The commands and parameters used in this topic may vary based on your software version.

Procedure

Step 1: install vsftpd

  1. Connect to the target Linux instance.
    For more information, see Methods to connect to a Linux instance.
  2. Run the following command to install vsftpd.
    yum install -y vsftpd
    If the following page appears, the installation succeeds.install_vsftp_successfully
  3. Run the following command to enable the FTP service to run at boot time:
    systemctl enable vsftpd.service
  4. Run the following command to start the FTP service:
    systemctl start vsftpd.service
  5. Run the following command to view the listening port of the FTP service:
    netstat -antup | grep ftp
    The following page appears, which indicates that the FTP service is started and is listening to port 21. The anonymous access function is enabled by default. You can log on to the FTP server without entering your username and password, but you do not have the permissions to modify or upload files.install_vsftpd_3

Step 2: configure vsftpd (anonymous user mode)

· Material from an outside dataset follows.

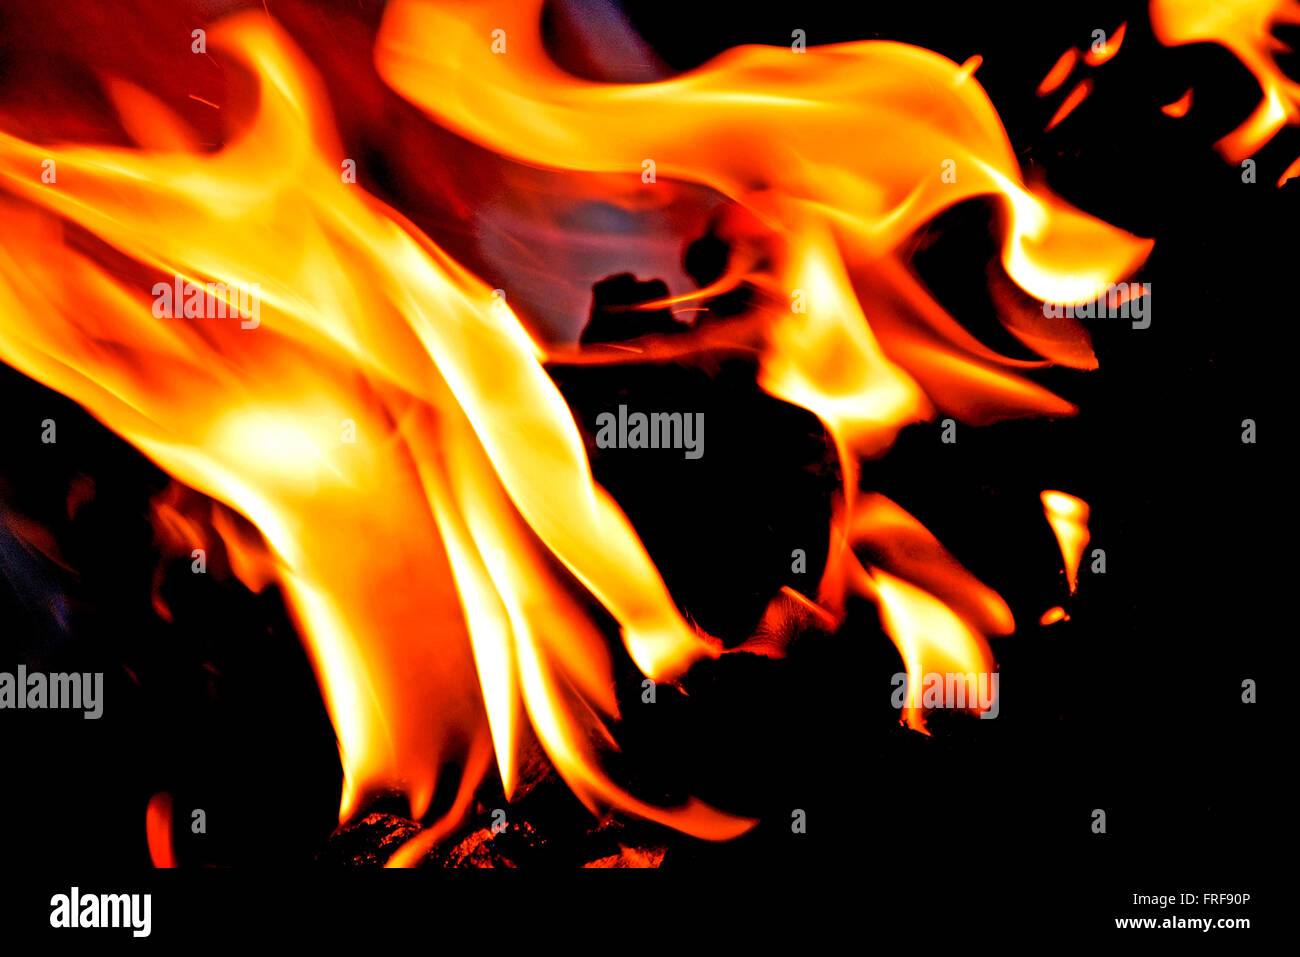 Fire flames on a black background Stock Photo

To configure the file upload permission for anonymous users in active mode, perform the following steps:

  1. Modify the configuration file /etc/vsftpd/vsftpd.conf.
    1. Run the vim /etc/vsftpd/vsftpd.conf command to open the configuration file.
    2. Press I to enter the edit mode.
    3. Set write_enable=YES.
    4. Set anon_upload_enable=YES.
    5. Press Esc to exit the edit mode. Enter :wq and press Enter to save and close the file.
    The following figure shows the modified configuration file. Permission 1 of anonymous users
  2. Run the following command to change the permissions of the /var/ftp/pub directory and grant write permissions to FTP users:
    chmod o+w /var/ftp/pub/
  3. Run the following command to reload the configuration file:
    systemctl restart vsftpd.service
    Permission 2 of anonymous users

Step 2: configure vsftpd (local user mode)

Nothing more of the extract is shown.